If $1+\sin \theta +{\sin }^2\theta +...\mathrm{\infty }=4+2\sqrt{3}$, $0<\theta <\pi$ and $\theta \ne \frac{\pi }{2}$, then $\theta$ is equal to

• A. $\theta =\frac{\pi }{3}$
• B. $\theta =\frac{\pi }{6}$
• C. $\theta =\frac{\pi }{3}or\frac{\pi }{6}$
• D. $\theta =\frac{\pi }{3}or\frac{2\mathrm{\pi }}{3}$

Answer 1

The correct option is D

$\theta =\frac{\pi }{3}or\frac{2\mathrm{\pi }}{3}$

To find the value of $\theta$:

Given, $1+\sin \theta +{\sin }^2\theta +...\mathrm{\infty }=4+2\sqrt{3}$, $0<\theta <\pi$ and $\theta \ne \frac{\pi }{2}$,

$1+\sin \theta +{\sin }^2\theta +...\mathrm{\infty }$ is geometric progression with first term, $a=1$ and common ratio, $r=\sin \theta$ .

As we know,

Sum of geometric progression upto $\infty$, ${\mathit{S}}_{\mathbf{\infty }}\mathbf{=}\frac{\mathbf{a}}{\mathbf{1}\mathbf{-}\mathbf{r}}$,

where $a$ is the first term and $r$ is the common ratio of geometric progression.

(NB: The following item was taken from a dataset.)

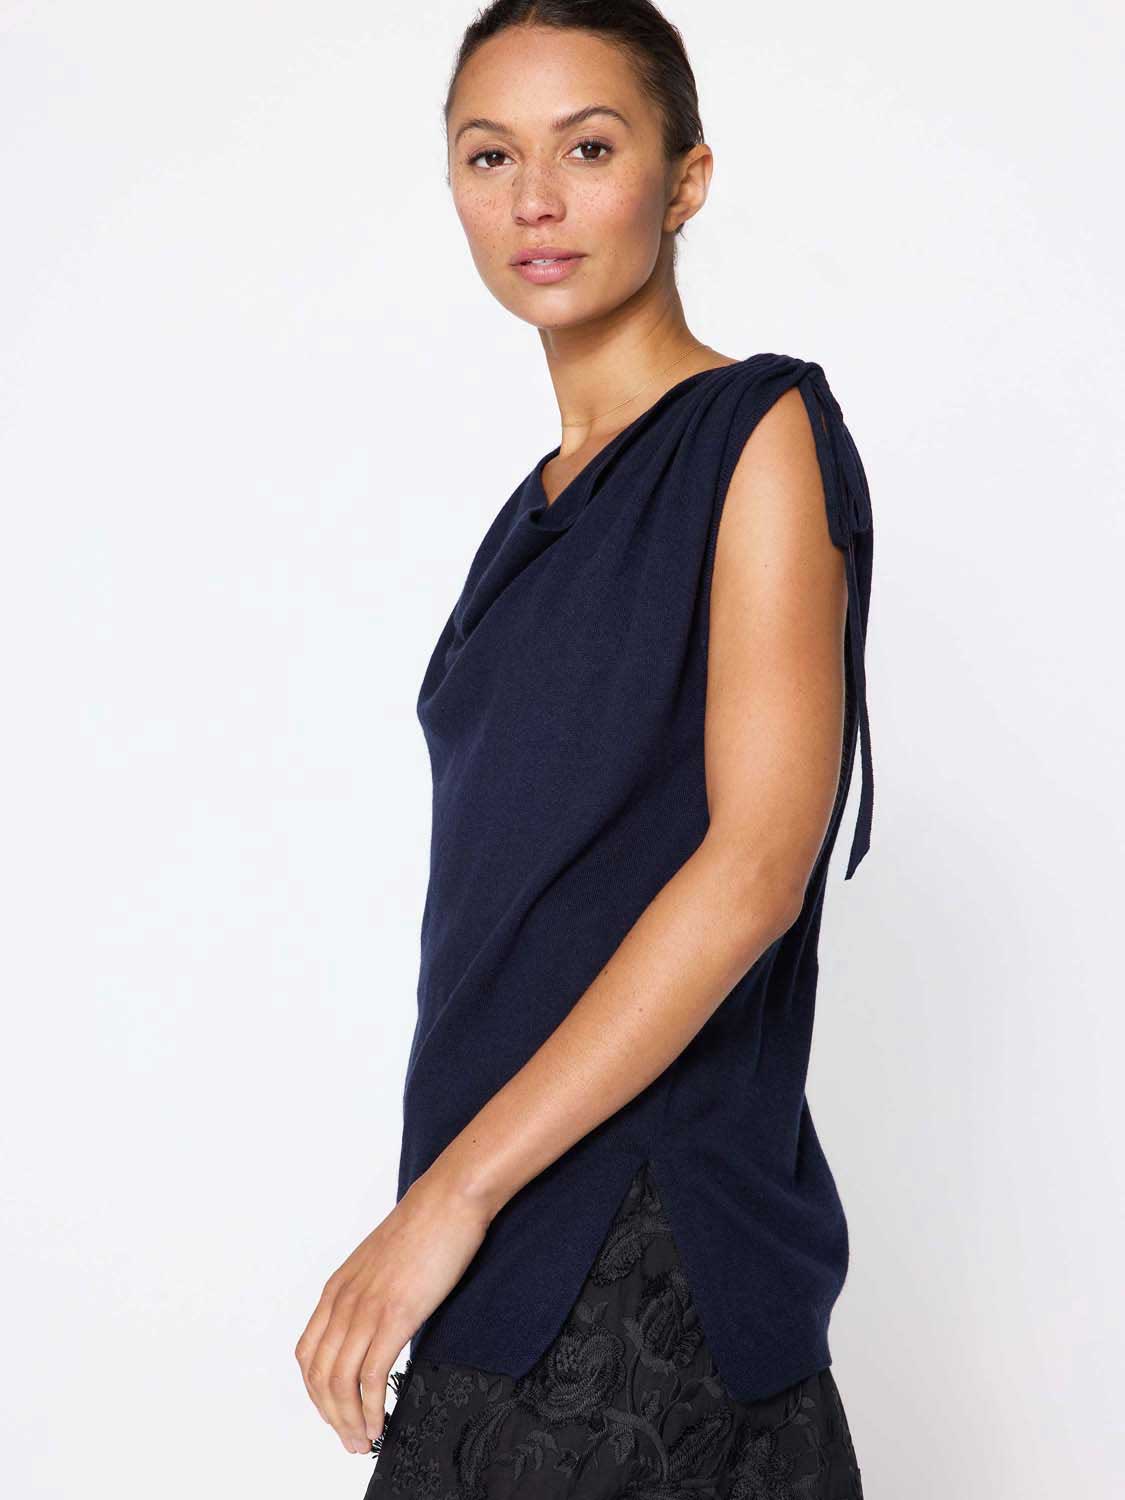 Vos sleeveless navy top side view 2

$\therefore \begin{array}{rl}1+\sin \theta +{\sin }^2\theta +...\mathrm{\infty }& =\frac{1}{1-\sin \theta }\end{array}$

$\Rightarrow$ $\begin{array}{rl}4+2\sqrt{3}& =\frac{1}{1-\sin \theta }\end{array}$

$\Rightarrow$ $\begin{array}{rl}1-\sin \theta & =\frac{1}{4+2\sqrt{3}}\end{array}$

$\Rightarrow$ $\begin{array}{rl}1-\sin \theta & =\frac{4-2\sqrt{3}}{(4+2\sqrt{3})(4-2\sqrt{3})}\end{array}$

$\begin{array}{rl}& =\frac{4-2\sqrt{3}}{16-12}\\ & =\frac{4-2\sqrt{3}}{4}\\ & =1-\frac{\sqrt{3}}{2}\end{array}$

$\Rightarrow$ $\begin{array}{rl}\sin \theta & =1-1+\frac{\sqrt{3}}{2}\end{array}$

$\Rightarrow$ $\begin{array}{rl}\sin \theta & =\frac{\sqrt{3}}{2}\end{array}$

$\begin{array}{rl}\mathbf{\therefore }\mathbf{\theta }& \mathbf{}\mathbf{=}\frac{\mathbf{\pi }}{\mathbf{3}}\mathbf{,}\frac{\mathbf{2}\mathbf{\pi }}{\mathbf{3}}\end{array}$

Hence, option (D) is the correct option.